The second kind of pushback is going to be new. These Olympics are going have the living daylights hacked out of them. It's a train wreck waiting to happen; how can it be otherwise? It's not just a matter of Anonymous' YouTube threat. Everything the IOC has done, with official London's complicity, paints an irresistible bull's-eye, not only for what has been called, "the paramilitary wing of the internet," but for a much larger cohort.
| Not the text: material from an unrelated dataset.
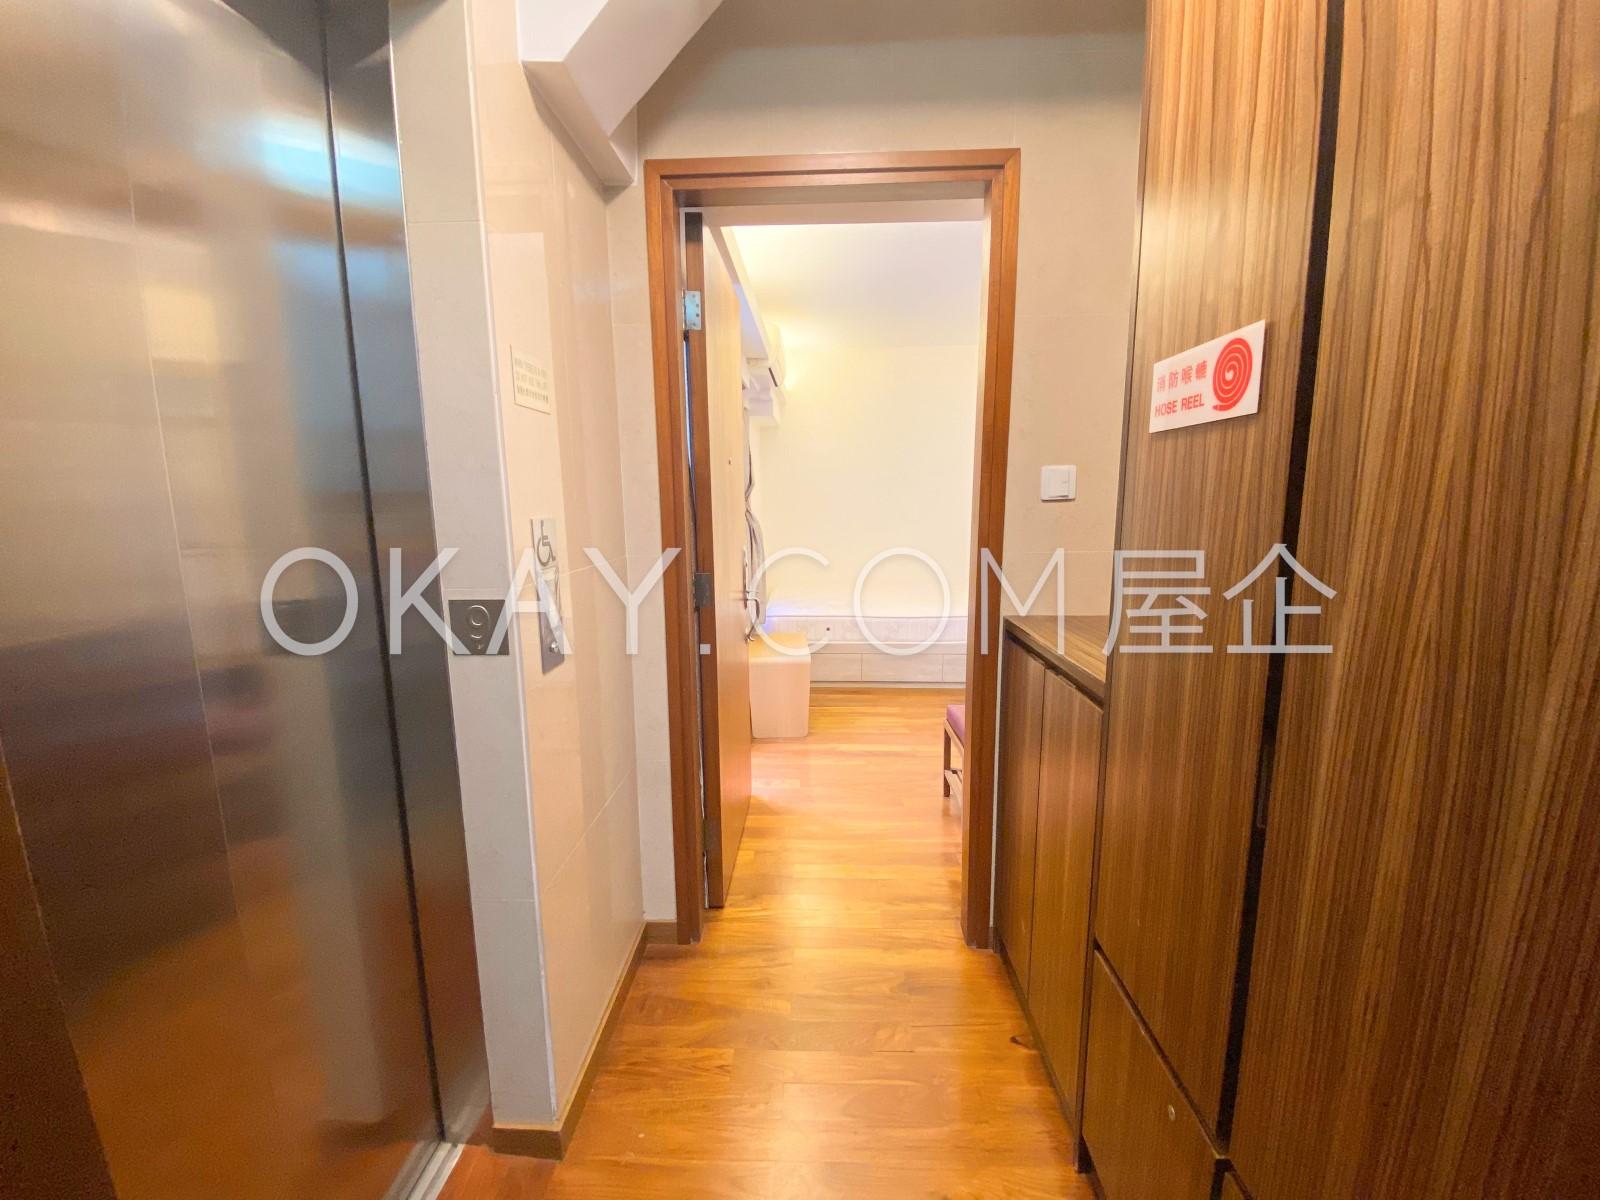 one unit per floor with massive storage

You might want to check out the "We, the Web Kids..." manifesto that is circulating rapidly around the web to get the fuller flavor. If I had to summarize the salient elements of this 'something much larger', I'd point to despair at the state of the world economy; disgust with the inability of governments to meaningfully address climate and poverty issues; dismay at nationalism, war and corporate greed; distrust of established authority (governmental or corporate); insistence on evaluating people and institutions on their current merits (the "reputation" piece); a dramatic sense of technological empowerment on an individual basis, and a fascination with what Bruce Sterling and others call "the New Aesthetic" (of which London is, by the way, ground zero).

It's rather brilliant, when you think about it, how thoroughly the IOC's approach to brand protection ticks every possible box for infuriating a huge swathe of the public. The IOC has sowed the wind and will reap the whirlwind.